__Exercise instructions__. Below are records with pictures in them. Output exactly the lines from the one with "Handwoven in wool, this" through the one with "Connoisseurs may note", both included, and leave every picture out; give only those lines.

START Material shown

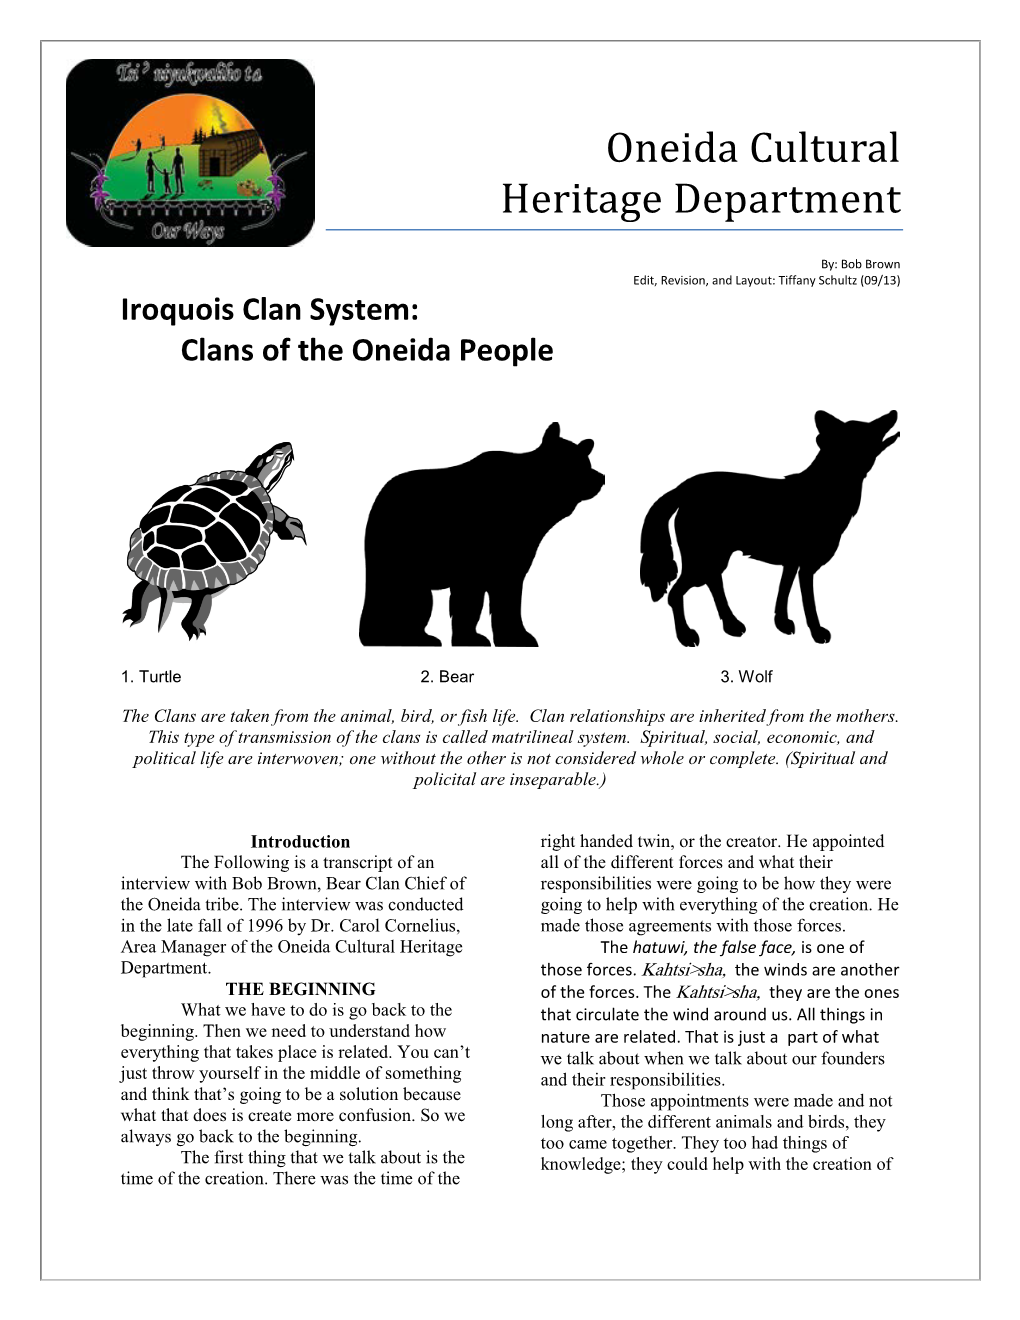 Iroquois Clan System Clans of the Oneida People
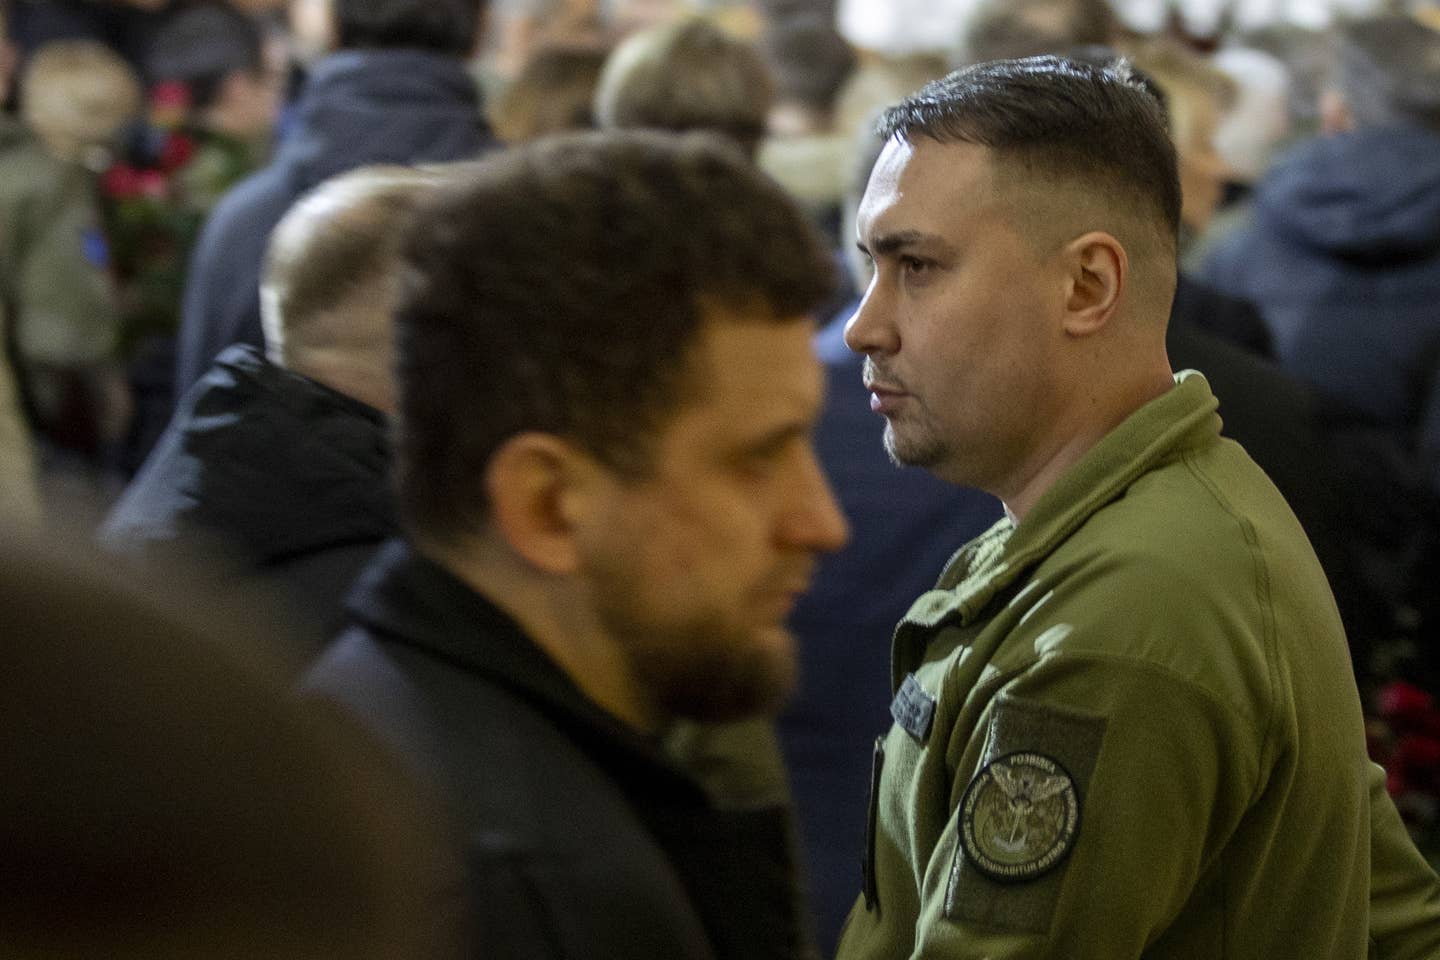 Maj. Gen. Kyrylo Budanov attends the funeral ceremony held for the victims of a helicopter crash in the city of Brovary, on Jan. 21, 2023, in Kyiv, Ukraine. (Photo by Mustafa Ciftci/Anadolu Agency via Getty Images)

END Material shown
START Material shown

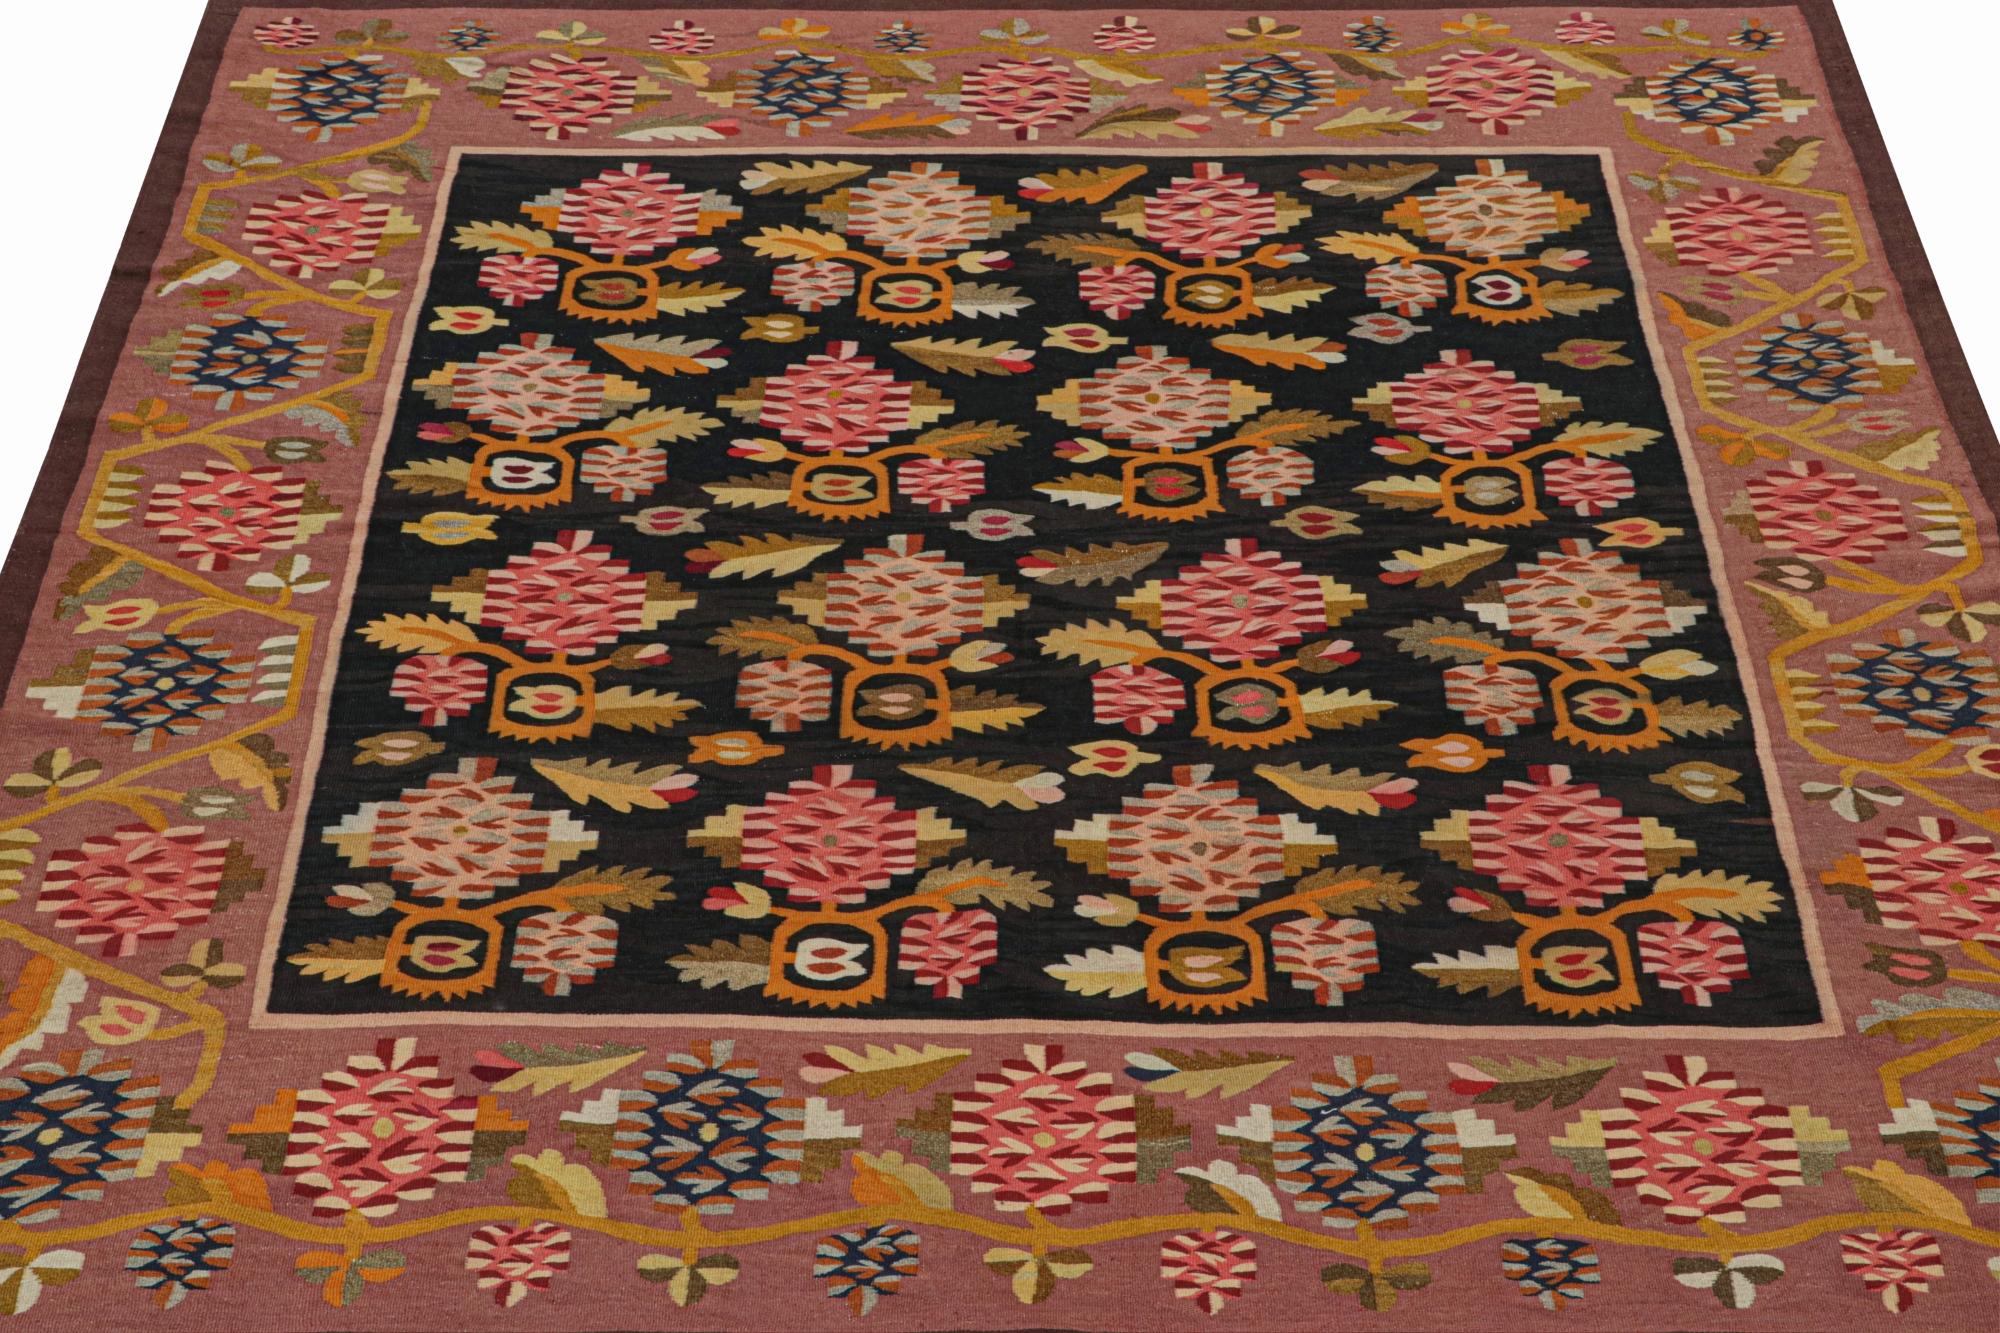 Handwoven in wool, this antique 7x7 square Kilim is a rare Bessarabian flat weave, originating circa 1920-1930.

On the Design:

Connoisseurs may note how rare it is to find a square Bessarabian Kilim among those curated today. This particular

END Material shown

__Answer to this exercise__.
 Handwoven in wool, this antique 7x7 square Kilim is a rare Bessarabian flat weave, originating circa 1920-1930.

On the Design:

Connoisseurs may note how rare it is to find a square Bessarabian Kilim among those curated today. This particular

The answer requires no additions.